Using this, we can write: 

$$ b + m*1 = 7 \\
b + m*2 = 4 \\
b + m*3 = 3 \\
b + m*4 = 2$$

This is a system of linear equations that can be written in matrix form as follows: 

$$
    \left[ {\begin{array}{cc}
   1 & 1 \\
   1 & 2 \\
   1 & 3 \\
   1 & 4
  \end{array} } \right]
   \left[ {\begin{array}{c}
   b \\
   m \\
  \end{array} } \right] =
    \left[ {\begin{array}{c}
    7 \\
    4 \\
    3 \\
    2
  \end{array} } \right] 
$$

We are hoping that there is some _linear combination_ of the columns of the first matrix that will give us our vector of observed values $y$. 

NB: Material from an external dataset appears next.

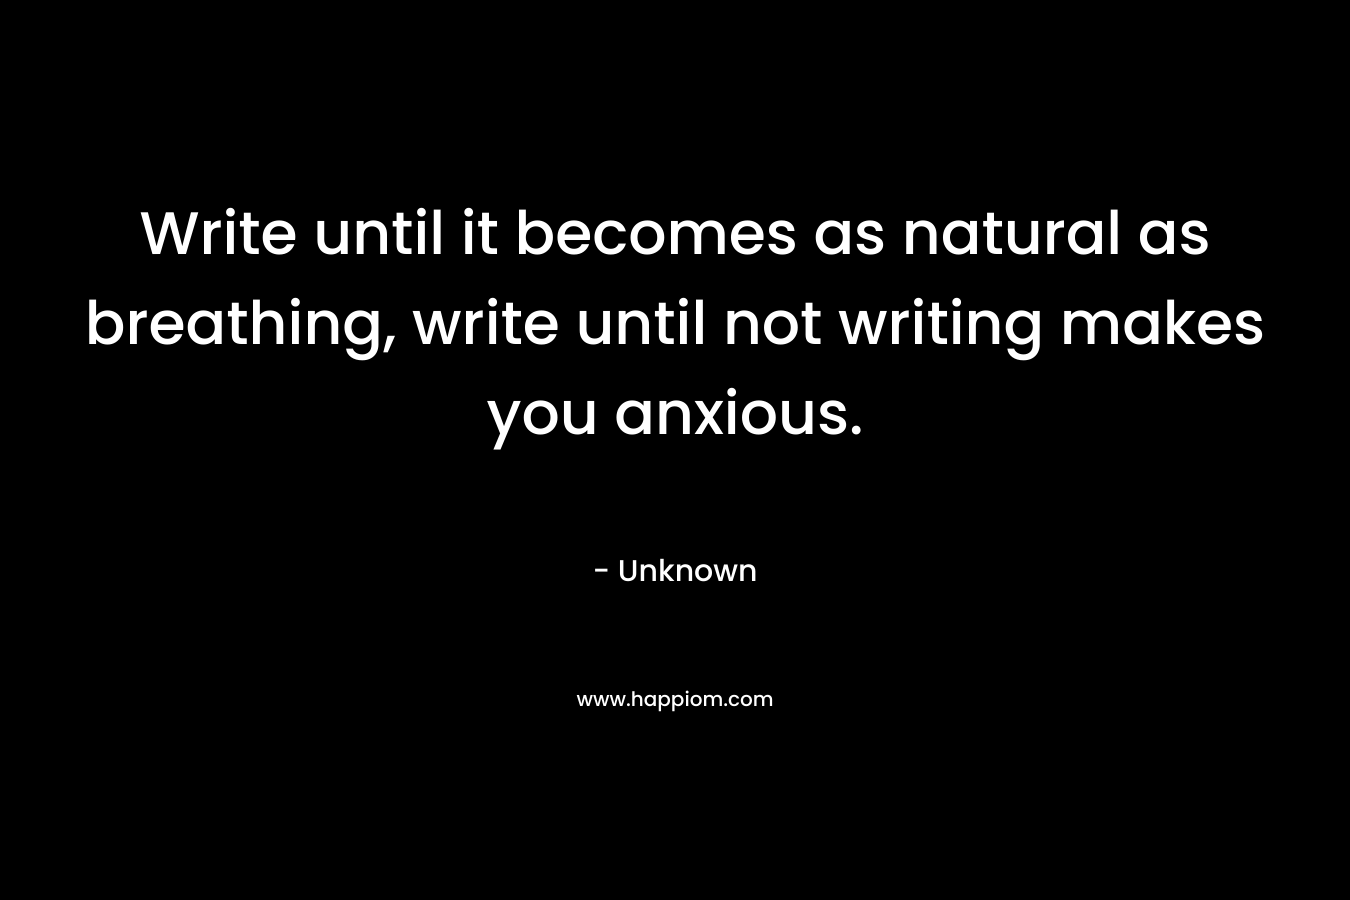 Write until it becomes as natural as breathing, write until not writing makes you anxious. – Unknown

Before we proceed, let's visualize our data using a scatter plot:

In [None]:
import matplotlib.pyplot as plt 
plt.style.use('fivethirtyeight')
%matplotlib inline 

x = [1, 2, 3, 4]
y = [7, 4, 3, 2]

plt.scatter(x, y)
plt.xlabel('cups of coffee')
plt.ylabel('hours of sleep');

We can see our points do not lie on a line. A linear model won't fit our data perfectly. 

> Every line we attempt to draw through these points will have some error associated with it.

## Ordinary Least Squares

Ordinary least squares tells us that our linear regression equation can be represented as the sum of a linear term and an error term: 

$$y = X\beta + error$$

To solve for the best estimate of $\beta$, we are going to assume that on average, the error is equal to 0, thus:  

$$ y = X \beta $$

In our toy example, 

$$X = \begin{bmatrix}
1 & 1 \\
1 & 2 \\ 
1 & 3 \\
1 & 4 
\end{bmatrix},$$ 

$$\beta = \begin{bmatrix}
b \\
m
\end{bmatrix},
$$

and 

$$y = \begin{bmatrix}
7 \\
4 \\ 
3 \\
2
\end{bmatrix}.$$

$\beta$ is a vector comprised of the intercept $b$ for the line and the slope $m$ for the line.

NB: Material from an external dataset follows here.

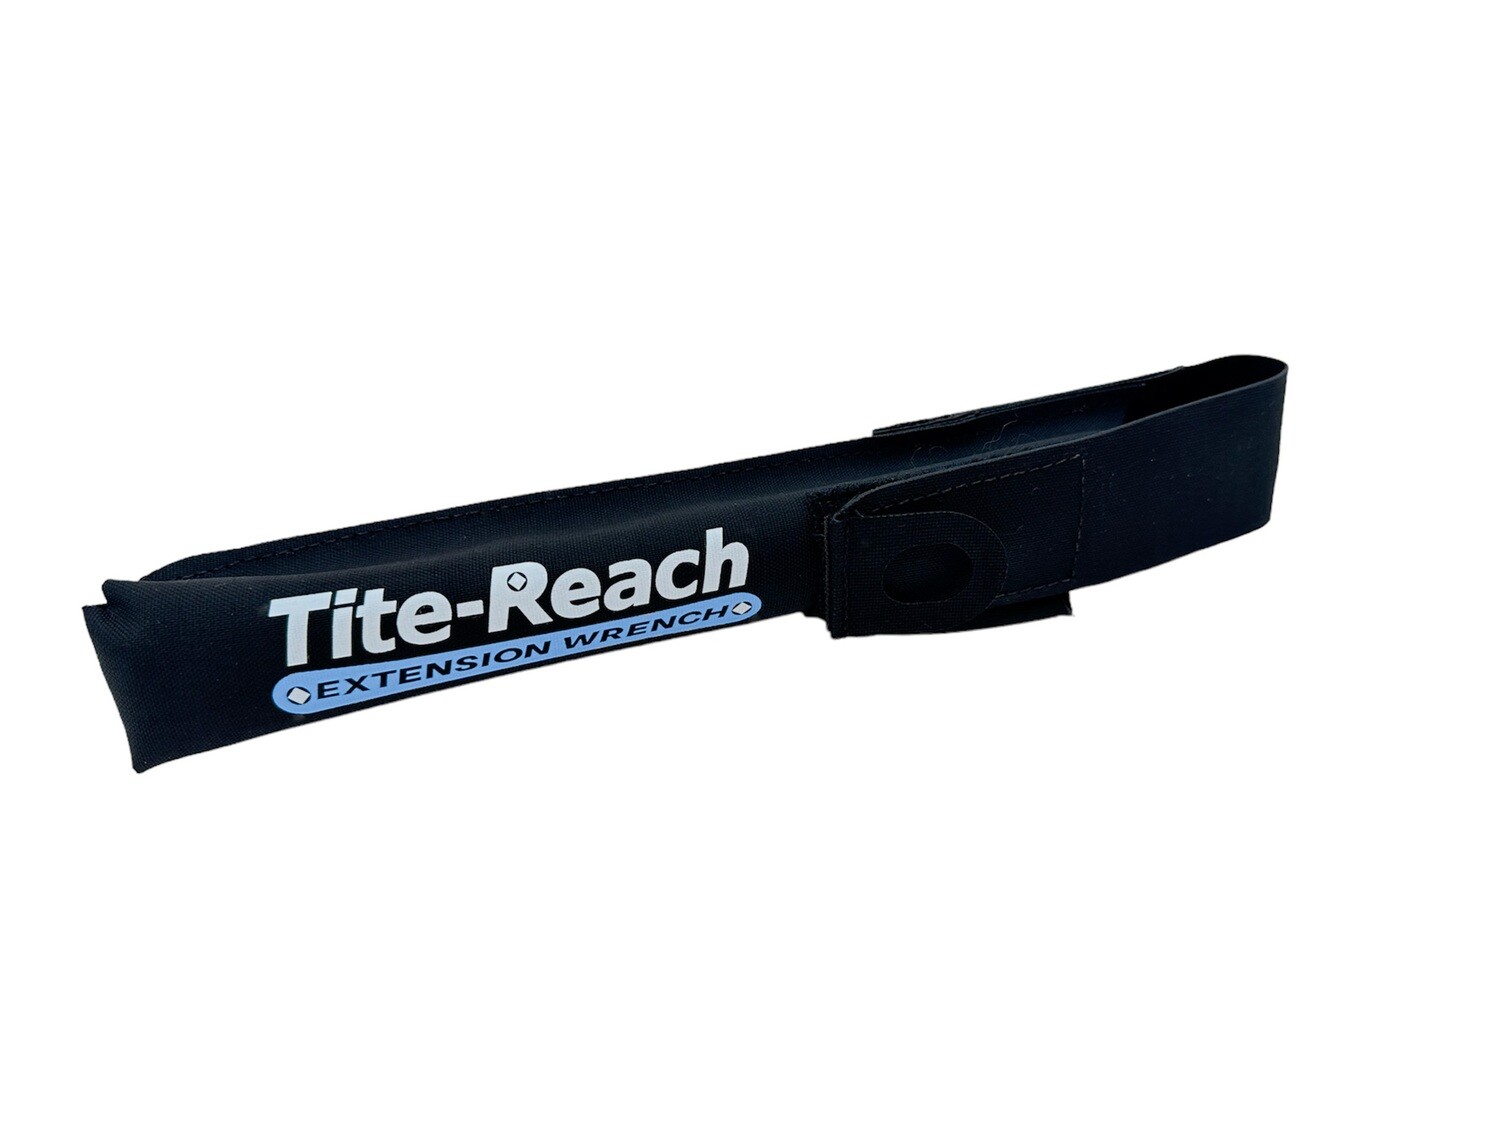 Tite-Reach™ Extensions Wrench, Professional 1/4 inch, LaserLock™

Why does the matrix $X$ include a column of ones? 

> We need a column of ones for the intercept $b$. If we don't include an intercept term in our linear model, we would be constraining our lines to pass through the origin, which limits the types of relationships the model we're fitting can describe. 

<details>
        <summary>Q: Can you compute the inverse of $X$? </summary>
   No, because it is not a square matrix. 
    </details>



To solve for $\beta$, we need to make $X$ into a square matrix by multiplying both sides of the equation from the left by $X^T$ : 

$$X^T y = X^T X \beta $$

Now we have a square matrix that with any luck has an inverse, which we will call $(X^T X)^{-1}$. 

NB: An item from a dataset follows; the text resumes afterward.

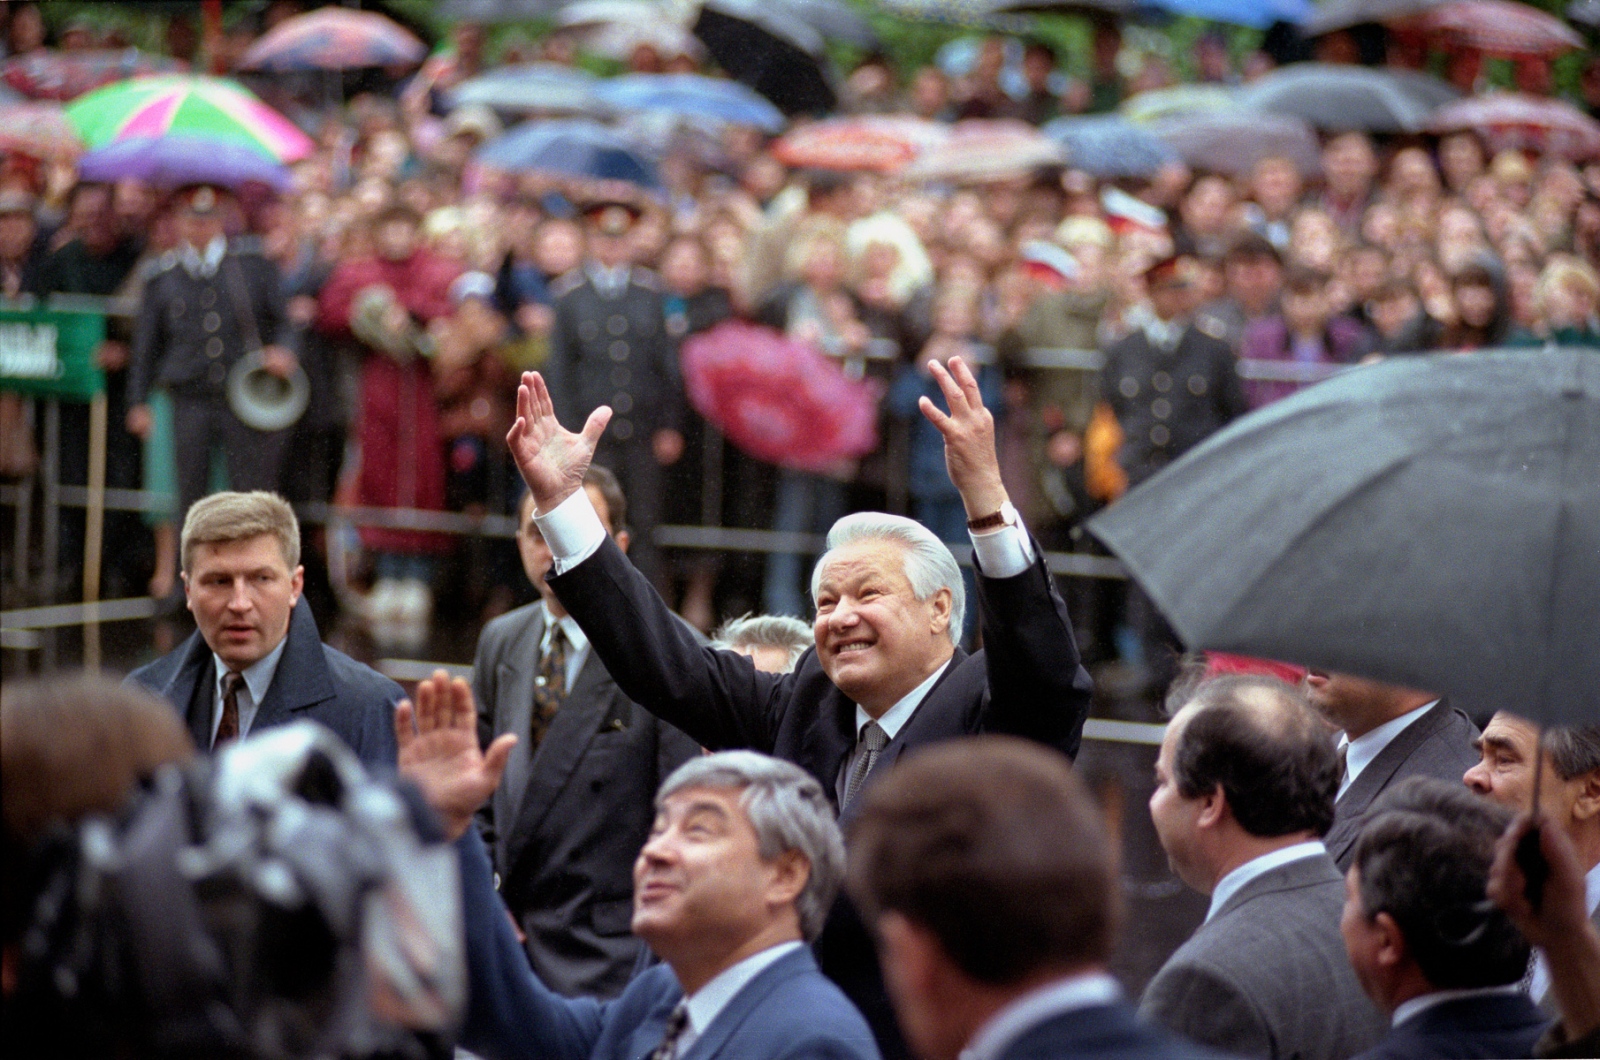 Russia In Transition - 1990s - Boris Yeltsin gets a warm welcome during his campaign...

Multiply both sides from the left by this inverse, and we have

$$(X^T X)^{-1} X^T y =(X^T X)^{-1} X^T X\beta $$

It turns out that a matrix multiplied by its inverse is the identity matrix $(X^{-1} X)= I$:

$$(X^T X)^{-1} X^T y =I \beta $$


You know that $I\beta= \beta$. 

So, if you want to solve for $\beta$ (that is, remember, equivalent to finding the values $m$ and $b$ in this case), you find that:

$$ \beta = (X^T X)^{-1} X^T y $$

Find $\beta$ using Ordinary Least Squares.

In [None]:
#your code here 

Plot the best line obtained via Ordinary Least Squares against the original data. 

In [None]:
#your code here 

# Summary: 

* You have seen that linear algebra has many applications in data science, from image processing to recommender systems. 

* You can use libraries like NumPy to represent vectors and matrices, and perform operations like addition and multiplication. 

* You can use NumPy to compute the shape and transpose of an array, and to compute the inverse of square matrices. 

* NumPy allows you to solve complicated systems of linear equations quickly.